Result in line with market expectations, CEO says
Lifestyle property sales in the three months ending September dropped by 60, a decrease of 4.7%, compared to the three months ending August, fresh figures from REINZ have revealed.
In total, 1,225 lifestyle properties were sold during the three months to September, representing a 12.6% decline from the 1,402 sales made during the same period in September last year and down 4.7% from the 1,285 sales during the three months to August.
In the year to September, 5,440 lifestyle property sales were recorded, down by a substantial 27.8% from that of the previous year. The cumulative value of the lifestyle properties sold for the year to September was $6.14 billion.
Shane O’Brien (pictured above), rural spokesman at REINZ, said the lower volume of sales was in line with market expectations as buyers looked to adjust to higher interest rates, the slowing of the residential market in some areas, and the October general election.
O’Brien also noted that better weather conditions had led to increased levels of inquiries and open home attendees, which bodes well for the upcoming spring market and the lead-up to Christmas.
During the September quarter, the median price for all lifestyle properties sold was $907,500, less by $114,000, or 11.2%, compared to the median price for the same three-month period in September 2022.
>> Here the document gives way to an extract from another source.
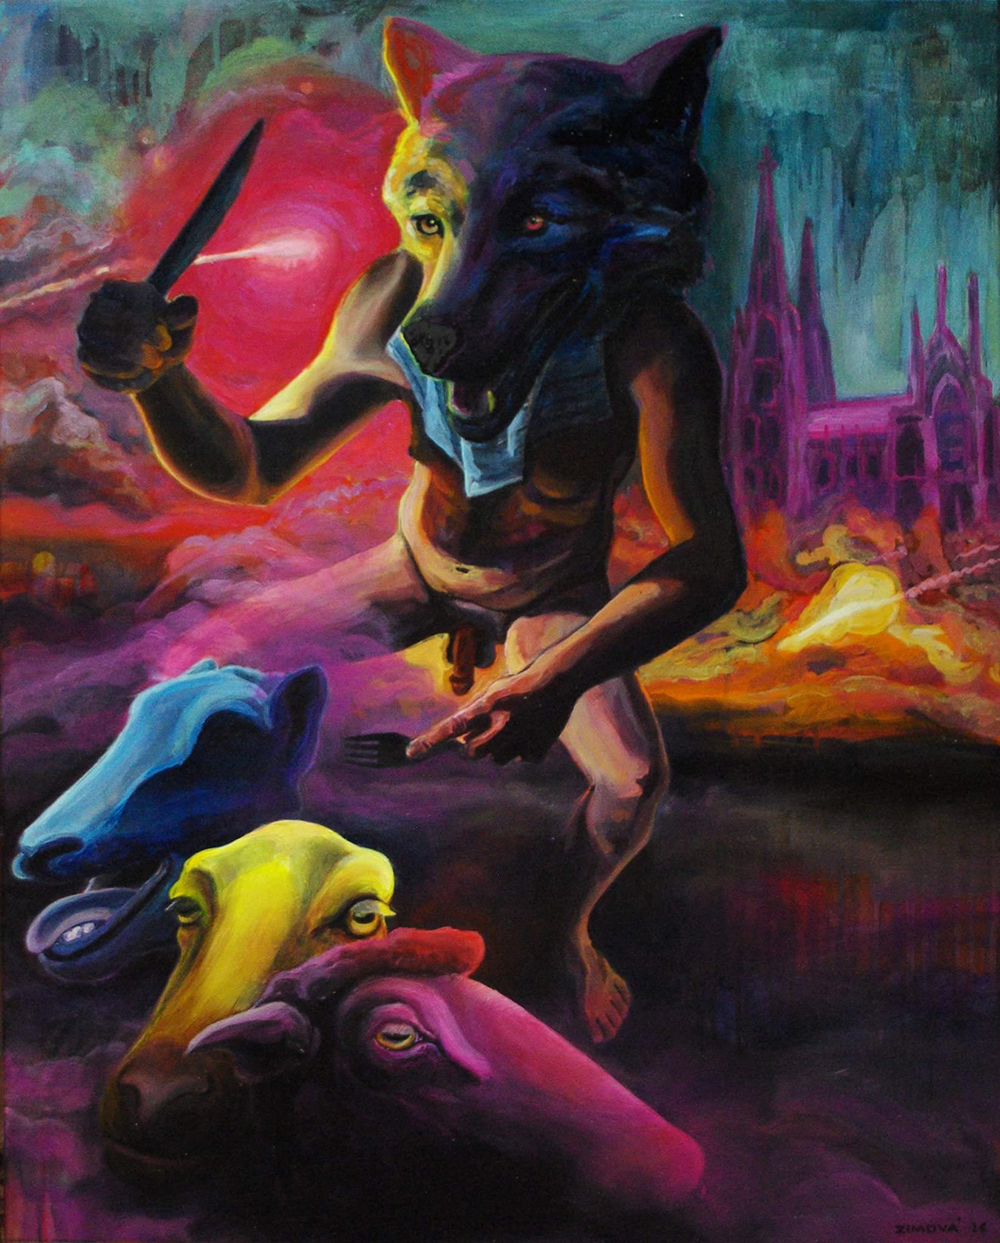 Wolves in sheep clothes: Without senses, 70 x 90 cm, oil on canvas, 2016

Over the same period, the median price for Bareland Lifestyle properties was $450,000, which was $20,000 less, or down 4.3%, than in September 2022. For Farmlet Lifestyle properties sold during this period, the median price was $1,020,000, which was $170,000 less, or down 14.3%, compared to the median price in September 2022
“The small reduction in the median value of Bareland sales will in some part be accounted for by buyers considering higher building costs that are being reported across much of the country when buying these properties,” O’Brien said.
“A recent government directive around the subdivision of productive rural land is starting to constrain the supply of Bareland lifestyle blocks in some areas as councils look to accommodate this directive.”
O’Brien said that a particularly wet winter across New Zealand had caused many sellers to delay listing their properties, although there appeared to be an increase in the number of lifestyle properties coming to the market.
“It would appear sale numbers should increase over the next three months as we head towards the year’s end,” she said.
Compared to September 2022, four regions saw an increase in sales, with Taranaki (with 17 more sales) and Nelson/Marlborough (with 12 more sales) seeing the most substantial increases. In contrast, Northland (with 67 fewer sales) and Wellington (with 47 fewer sales) recorded the most significant declines in sales during the three-months to September compared to the same period the prior year. When compared to the three months to August, five regions registered an increase in sales.
Southland had the highest increase in median price for lifestyle blocks, rising by 19.2% between the three months to September 2022 and the September 2023 quarter. On the other hand, Otago and Manawatu-Wanganui saw the most significant declines, with decreases of 23.3% and 19.7%, respectively.
The median days to sell lifestyle properties in the three months to September was 78 days, longer by 28 days compared to September 2022. Southland and West Coast had the shortest selling times at 61 days, while Nelson/Marlborough/Tasman had the longest at 123 days.